Pity the poor shopkeepers of Bury St Edmunds when I descended last week. Touching and fingering the merchandise, asking for different colours ans sizes necessitating countless trips backwards and forwards to storerooms while my children rampaged round the shop causing palpitations in among the breakables, barging past other customers and shouting and laughing so loudly as to be heard over the canned muzak. I am sure they all breathed a sigh of relief when we finally departed. loaded to the gunnels as they say.
Based on my one week without blogging I can honestly say that blogging is good for the environment, I mean I would not have used the car to go shopping if I had been able to blog.
It is good for family relationships nay the good of the whole global community, if I had been blogging I would NEVER have subjected my children to the enforced trauma of watching Mummy buy a new pair of jeans...and a shirt and a scarf and a pair of shoes and a pair of boots and a ..... well they wouldn't have had to do it OK. They are boys these things will have a HUGE and PROFOUND effect on their abilities to see women in a positive light.
Blogging saves you money, a lot of it. If I had been blogging we as a family would have been considerably plumper in the pocket at the start of this week.
And as for my nerves? well now that I am blogging again I feel almost human and shall bounce down the stairs to cuddle my poor neglected garden and weed my children....
Monday, 11 April 2011
I have a lot of things to do and, like everyone else, not much time to do them. I travel at speed but that can be my undoing.
Today it cost me £80.
Luckily that was all.
It was a hectic morning sorting out stuff, the paraphernalia of life builders, painters, plumbers, children, dogs, visitors, piano practise and of course taking the boys to their crash course at the local swimming pool affectionately known as the “Sink or swim” programme. It works, trust me or rather the bods that came up with the idea.
Anyway life being what life is I realise that I am going to be late I am cruising through all the stuff I have to do to the extent that I am not actually thinking. I have passports tickets money as I like to say which in this case meant boys swim things, my blog book and my handbag. I am ready to rock and roll.
I get the boys in the car tout-de-suite, the CD is on and booming, the car revving and I am off in a flurry of gravel with minutes to spare.
Ten yards on I come to a grinding halt with the car nose in the air and I am not going anywhere – fast.
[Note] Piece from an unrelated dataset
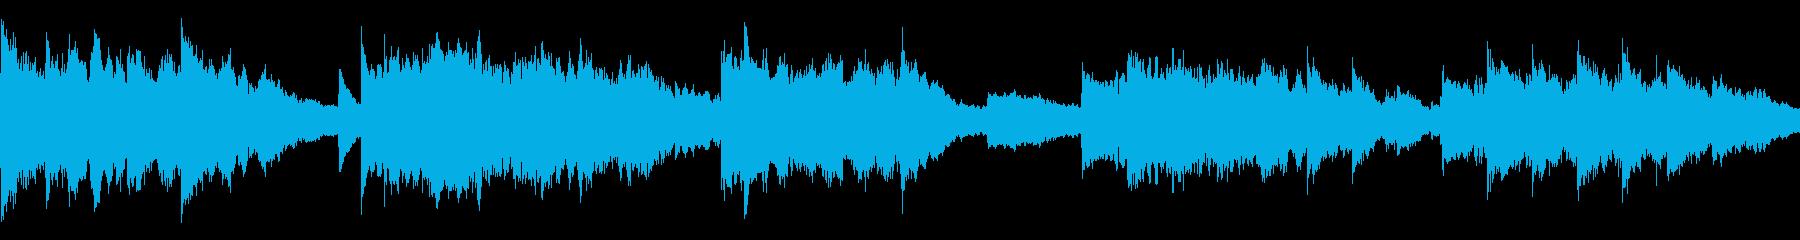 フルートが奏でる優しいメロディーの再生済みの波形
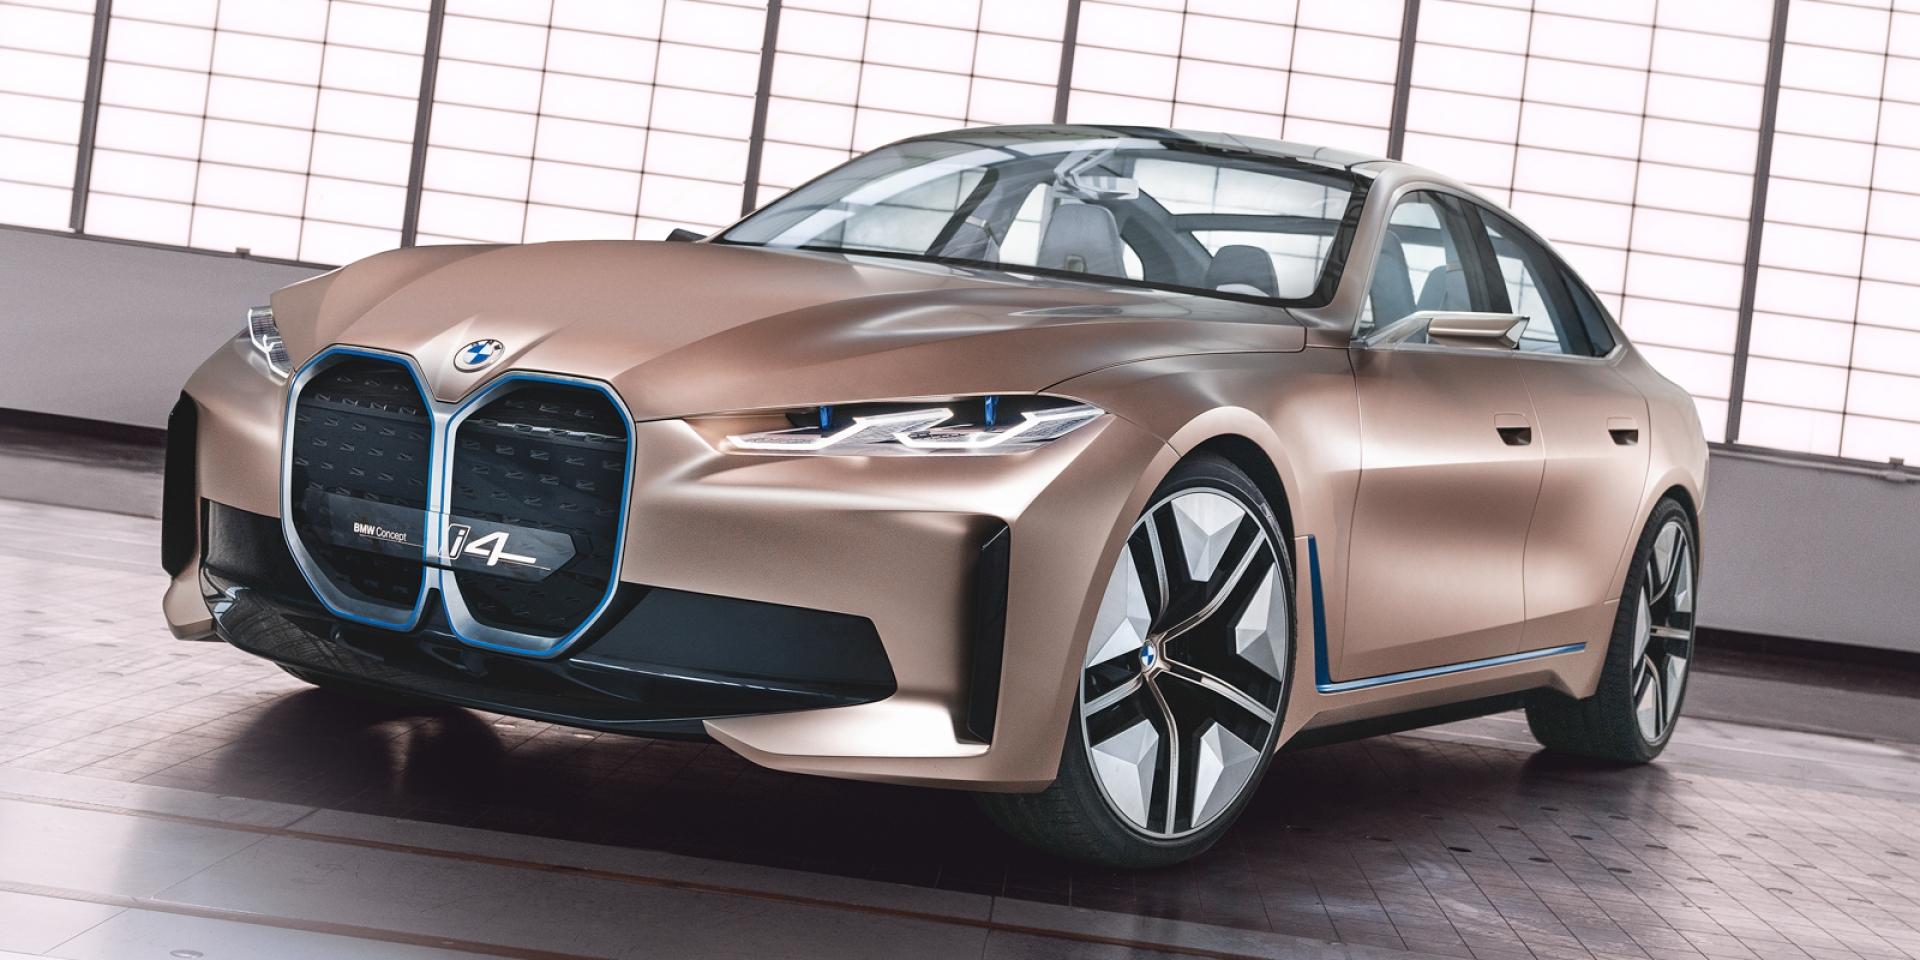 2020消失的日內瓦車展 全新豬鼻來了!BMW Concept i4發表

In my mad dash to get where I was meant to be going ten minutes ago I failed to notice that the HozeLock reel was out, the really really expensive one that weighs a ton but winds up the hose in a trice. I have driven straight over it and am now on top of it with both front wheels four inches off the ground. This being a front wheel drive means that I am stuck and I cannot even rock the car off it. God how I hate modern vehicles sometimes!
Luckily the builder, painters, plumbers and gardeners who are here on the final push to finish making my house a home were on hand to physically lift the poor old car off the Hozelock and I was safe to carry on my journey.
Safe in more ways than one. The shock of running over the hose was slightly more profound than I had anticipated. For up until that point I was buzzing, almost high on adrenalin and quite obviously not thinking let alone looking at all. What if it had been one of the dogs? What if it had been one of the builders? Or a child? What if I had gone out and hurt someone.
I was a very chastened driver as I drove sedately down the drive and yes my children were late to their swimming lesson but as they say better late than never….I think the Gods were watching over me.
PS. Was very impressed with Hozelock, I mean the reel did break but by 'eck it took some doing!